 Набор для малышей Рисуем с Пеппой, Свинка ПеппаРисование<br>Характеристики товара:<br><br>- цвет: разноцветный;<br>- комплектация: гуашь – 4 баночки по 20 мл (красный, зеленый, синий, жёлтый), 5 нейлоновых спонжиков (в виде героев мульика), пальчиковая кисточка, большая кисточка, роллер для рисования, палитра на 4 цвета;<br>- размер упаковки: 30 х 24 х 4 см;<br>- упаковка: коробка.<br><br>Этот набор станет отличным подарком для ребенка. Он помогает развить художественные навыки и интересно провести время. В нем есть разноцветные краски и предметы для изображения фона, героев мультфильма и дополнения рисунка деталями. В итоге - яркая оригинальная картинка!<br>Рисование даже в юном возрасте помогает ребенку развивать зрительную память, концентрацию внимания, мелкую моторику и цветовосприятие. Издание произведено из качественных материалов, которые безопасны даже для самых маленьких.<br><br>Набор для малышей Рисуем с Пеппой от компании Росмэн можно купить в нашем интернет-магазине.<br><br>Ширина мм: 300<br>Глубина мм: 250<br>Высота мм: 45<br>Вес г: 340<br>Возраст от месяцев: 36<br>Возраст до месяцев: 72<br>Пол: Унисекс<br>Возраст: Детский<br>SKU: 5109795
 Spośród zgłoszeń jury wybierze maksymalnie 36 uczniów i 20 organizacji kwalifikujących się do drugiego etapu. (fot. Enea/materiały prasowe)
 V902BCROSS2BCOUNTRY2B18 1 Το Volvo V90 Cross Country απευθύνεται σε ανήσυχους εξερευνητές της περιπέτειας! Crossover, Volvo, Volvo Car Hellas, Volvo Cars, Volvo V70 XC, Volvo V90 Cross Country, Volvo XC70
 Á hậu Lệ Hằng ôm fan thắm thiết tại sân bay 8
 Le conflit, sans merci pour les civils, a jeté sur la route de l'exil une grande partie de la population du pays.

· · · · · · ·

* TASK GOAL *
Each record should come back exactly as written.

* RESPONSE TO THIS TASK *
 Набор для малышей Рисуем с Пеппой, Свинка ПеппаРисование<br>Характеристики товара:<br><br>- цвет: разноцветный;<br>- комплектация: гуашь – 4 баночки по 20 мл (красный, зеленый, синий, жёлтый), 5 нейлоновых спонжиков (в виде героев мульика), пальчиковая кисточка, большая кисточка, роллер для рисования, палитра на 4 цвета;<br>- размер упаковки: 30 х 24 х 4 см;<br>- упаковка: коробка.<br><br>Этот набор станет отличным подарком для ребенка. Он помогает развить художественные навыки и интересно провести время. В нем есть разноцветные краски и предметы для изображения фона, героев мультфильма и дополнения рисунка деталями. В итоге - яркая оригинальная картинка!<br>Рисование даже в юном возрасте помогает ребенку развивать зрительную память, концентрацию внимания, мелкую моторику и цветовосприятие. Издание произведено из качественных материалов, которые безопасны даже для самых маленьких.<br><br>Набор для малышей Рисуем с Пеппой от компании Росмэн можно купить в нашем интернет-магазине.<br><br>Ширина мм: 300<br>Глубина мм: 250<br>Высота мм: 45<br>Вес г: 340<br>Возраст от месяцев: 36<br>Возраст до месяцев: 72<br>Пол: Унисекс<br>Возраст: Детский<br>SKU: 5109795
 Spośród zgłoszeń jury wybierze maksymalnie 36 uczniów i 20 organizacji kwalifikujących się do drugiego etapu. (fot. Enea/materiały prasowe)
 V902BCROSS2BCOUNTRY2B18 1 Το Volvo V90 Cross Country απευθύνεται σε ανήσυχους εξερευνητές της περιπέτειας! Crossover, Volvo, Volvo Car Hellas, Volvo Cars, Volvo V70 XC, Volvo V90 Cross Country, Volvo XC70
 Á hậu Lệ Hằng ôm fan thắm thiết tại sân bay 8
 Le conflit, sans merci pour les civils, a jeté sur la route de l'exil une grande partie de la population du pays.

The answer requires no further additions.